The maximum permissible current through a galvanometer (G) of resistance 10ohmams is 0.05A. A resistance (R) is used to convert G into a voltameter with a maximum reading of 100v . find the value of R and how it is connected to G an?
full scale voltage=.05*10=.5volts.
so for 100 volt, 99.5 volts=.05(10+RinSeries) solve for the series resistance.
99.5/.05=10+R=1990
R=1980 ohms
R=1980
To convert the galvanometer (G) into a voltameter with a maximum reading of 100V, we need to use a suitable shunt resistor (R) in parallel with the galvanometer.
The shunt resistor will divert most of the current away from the galvanometer, allowing only a fraction of the total current to pass through it. This will enable the galvanometer to measure the voltage across the shunt resistor and provide readings in volts.
Let's calculate the value of the shunt resistor and determine how it is connected to the galvanometer.
Given:
Resistance of the galvanometer (G) = 10 ohms
Maximum permissible current through the galvanometer (Ig) = 0.05A
Maximum reading of the voltameter (Vmax) = 100V
We can start by finding the shunt resistance (Rs) using the formula:
Rs = (G / Ig) - G
Rs = (10 / 0.05) - 10
Rs = (200 - 10)
Rs = 190 ohms
Therefore, the value of the shunt resistor (R) should be 190 ohms.
To connect the shunt resistor (R) to the galvanometer (G), we need to connect them in parallel. This means that one terminal of the shunt resistor and one terminal of the galvanometer should be connected together, and the remaining two terminals should be connected to the circuit where we want to measure the voltage.

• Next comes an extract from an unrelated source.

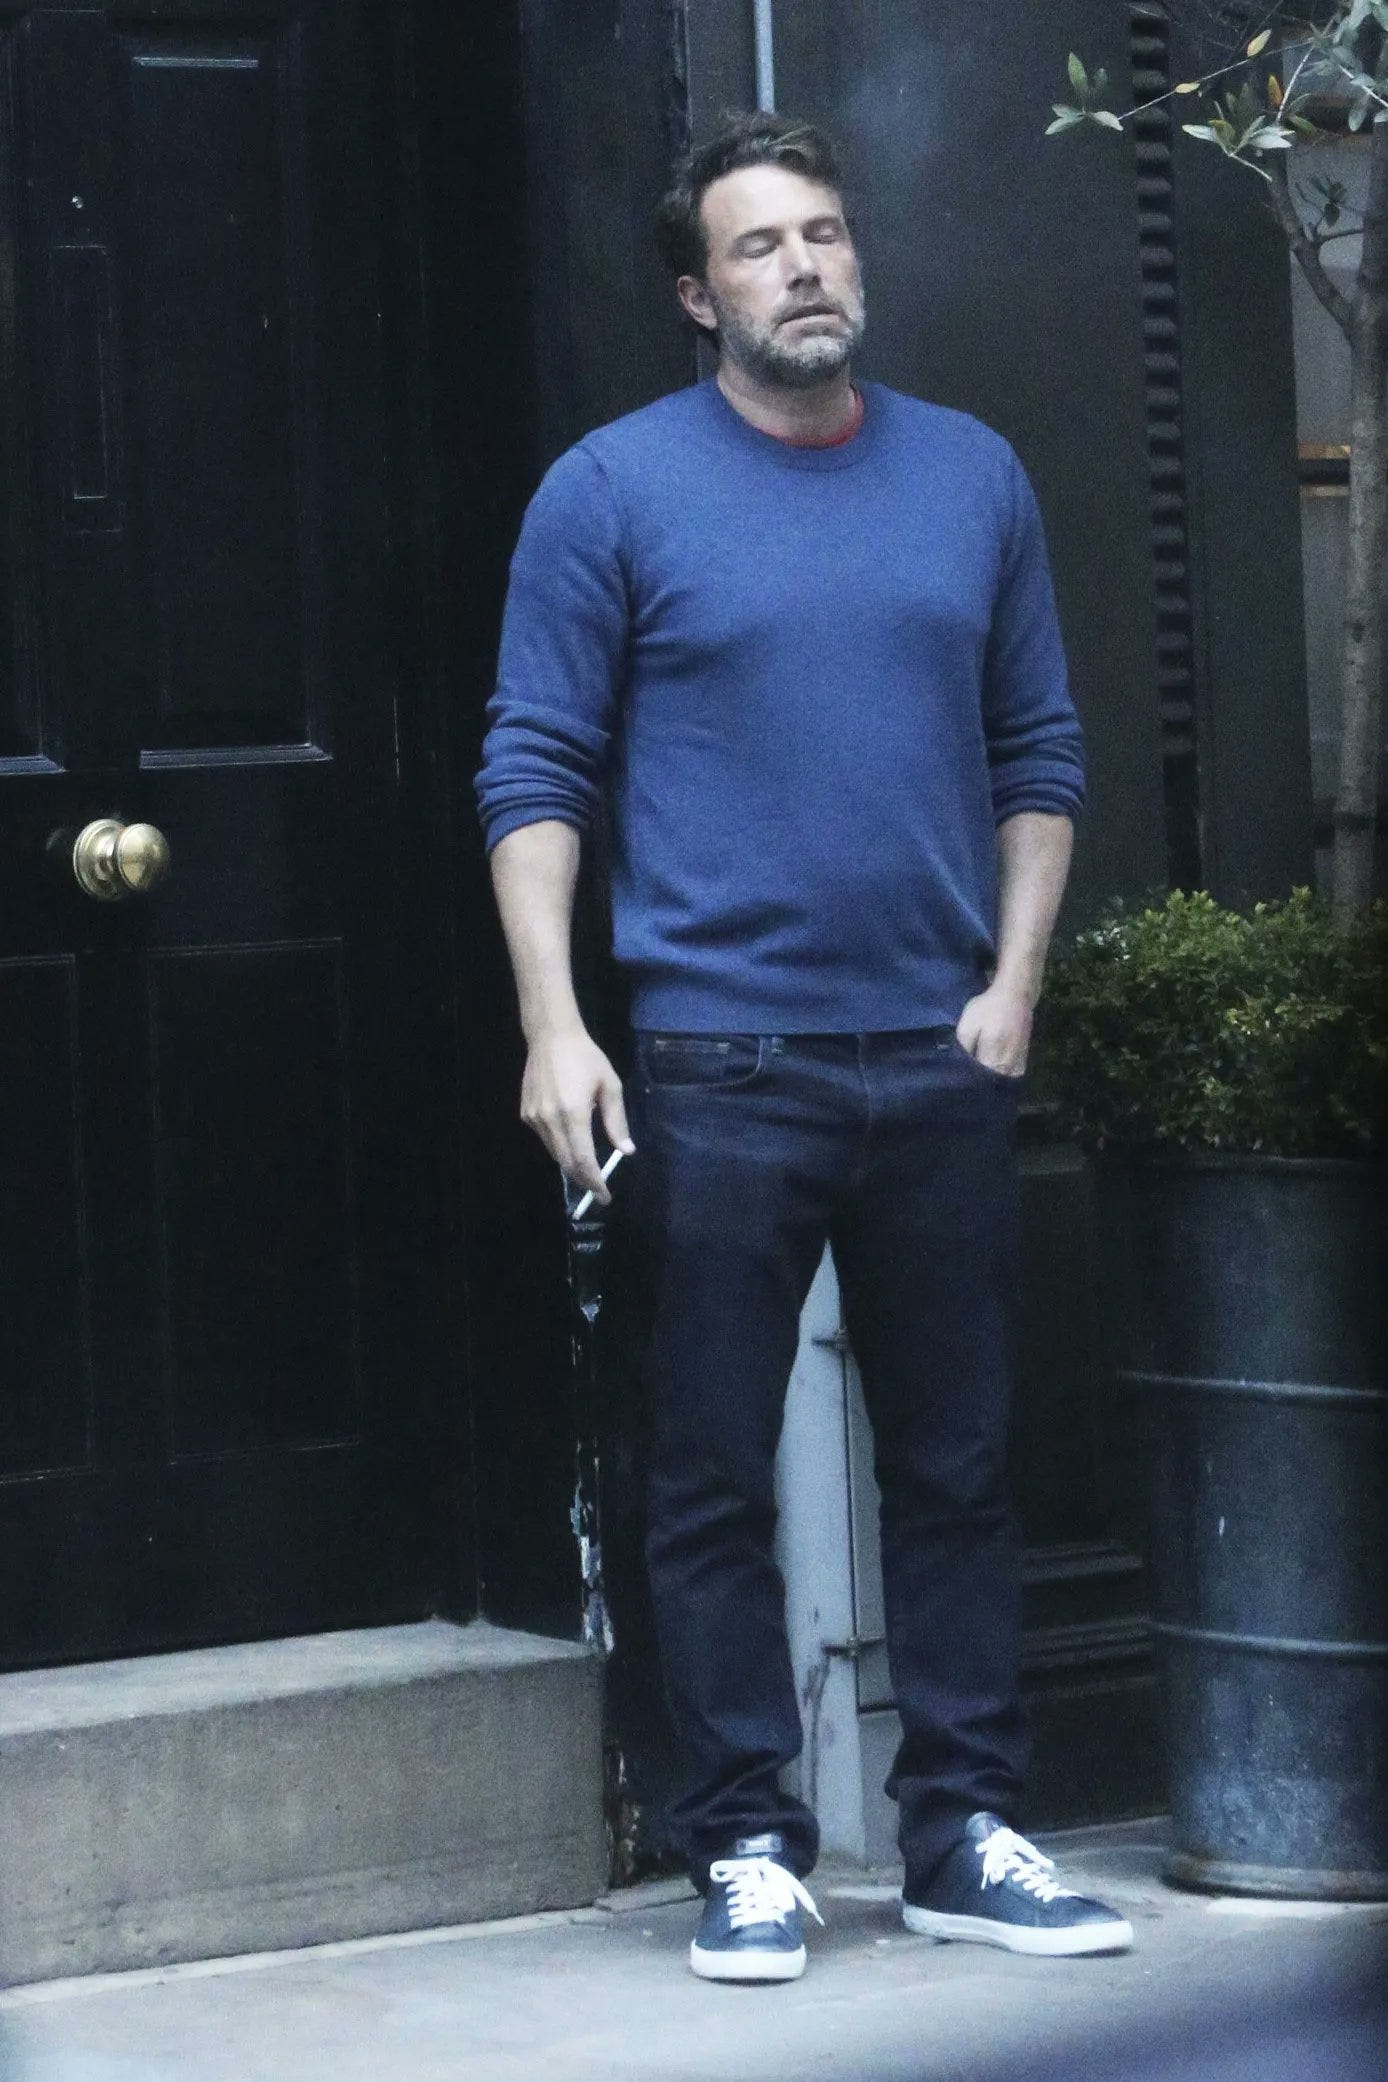 A picture of actor Ben Affleck wearing jeans and a blue sweater while standing outside a building smoking a cigarette and looking like he is done with life.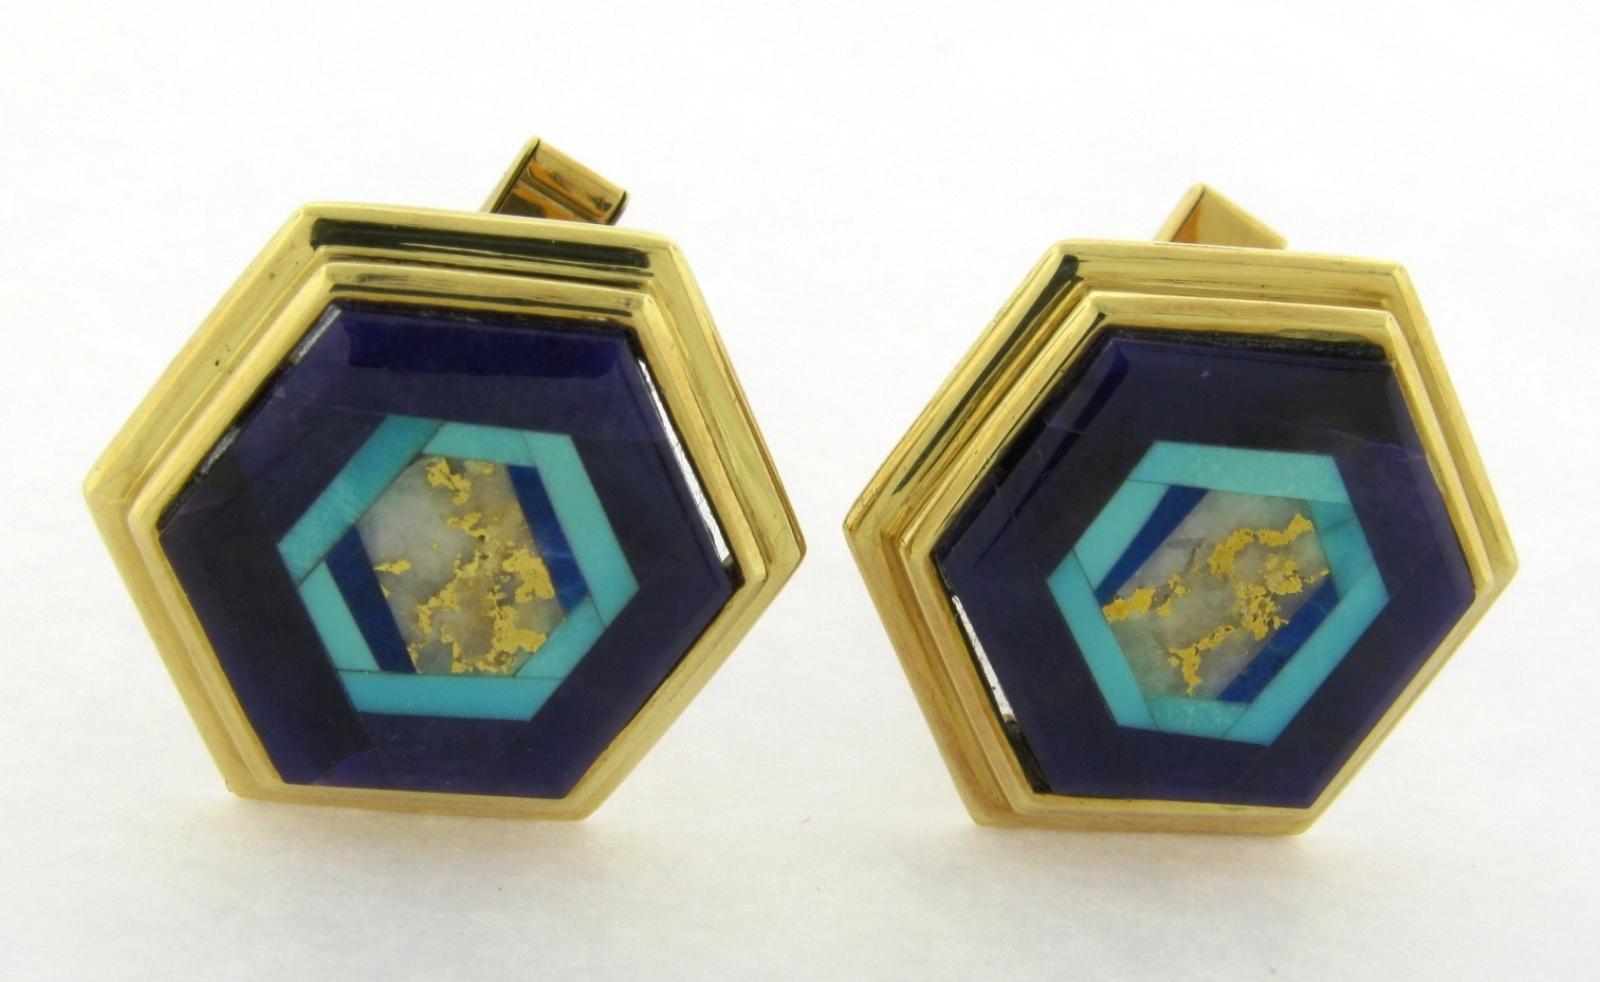 This is a beautiful and rare pair of Gemstone cufflinks by famous intarsia designer Nicolai Medvedev. The gemstones consist of sugilite, turquoise, lapis lazuli and gold quartz. They are signed N. Medvedev on the stone the gold is marked 18k

Remember, the polarity of the shunt resistor should match the polarity of the galvanometer, as attaching it in reverse polarity will cause incorrect readings.
So, to summarize:
- The value of the shunt resistor (R) is 190 ohms.
- The shunt resistor (R) should be connected in parallel with the galvanometer (G).
- One terminal of the shunt resistor should be connected to one terminal of the galvanometer, while the other terminals should be connected to the circuit where you want to measure the voltage.
To convert a galvanometer into a voltmeter, a series resistor is connected to the galvanometer. This series resistor limits the current flowing through the galvanometer, thus enabling it to measure higher voltages.
To find the value of the series resistor (R) needed to convert the galvanometer into a voltmeter with a maximum reading of 100V, we need to use Ohm's law.
Let's break down the problem step by step:
Step 1: Determine the maximum current through the galvanometer (G).
The maximum permissible current through the galvanometer is given as 0.05A.
Step 2: Calculate the resistance required to limit the current through G.
Using Ohm's law (V = IR), where V is the voltage across G and I is the current through G, we can calculate the resistance required.
Resistance (R_galvanometer) = V_galvanometer / I_galvanometer
Since a galvanometer is a sensitive current measuring device, we can assume that its resistance is much lower than R in the circuit.
Step 3: Calculate the value of R.
To convert the galvanometer into a voltmeter with a maximum reading of 100V, the total resistance (R_total) in the circuit should be equal to the resistance of G plus the series resistance (R).
R_total = R_galvanometer + R
Given that R_galvanometer (G) = 10 ohms, we can substitute this into the equation:
R_total = 10 ohms + R
Since the maximum current through the galvanometer is 0.05A, we can also use Ohm's law to calculate the maximum voltage across the total resistance:
V_total = I_max * R_total
V_total = 100V
Substituting the values into the equation:
100V = 0.05A * (10 ohms + R)
Simplifying the equation:
100V = 0.5 + 0.05A * R
Rearranging:
0.05A * R = 100V - 0.5V
0.05A * R = 99.5V
Dividing both sides by 0.05A:
R = 99.5V / 0.05A
R = 1990 ohms (rounded to the nearest whole number)
So, the value of R is 1990 ohms, and it should be connected in series with the galvanometer (G) to convert it into a voltmeter with a maximum reading of 100V.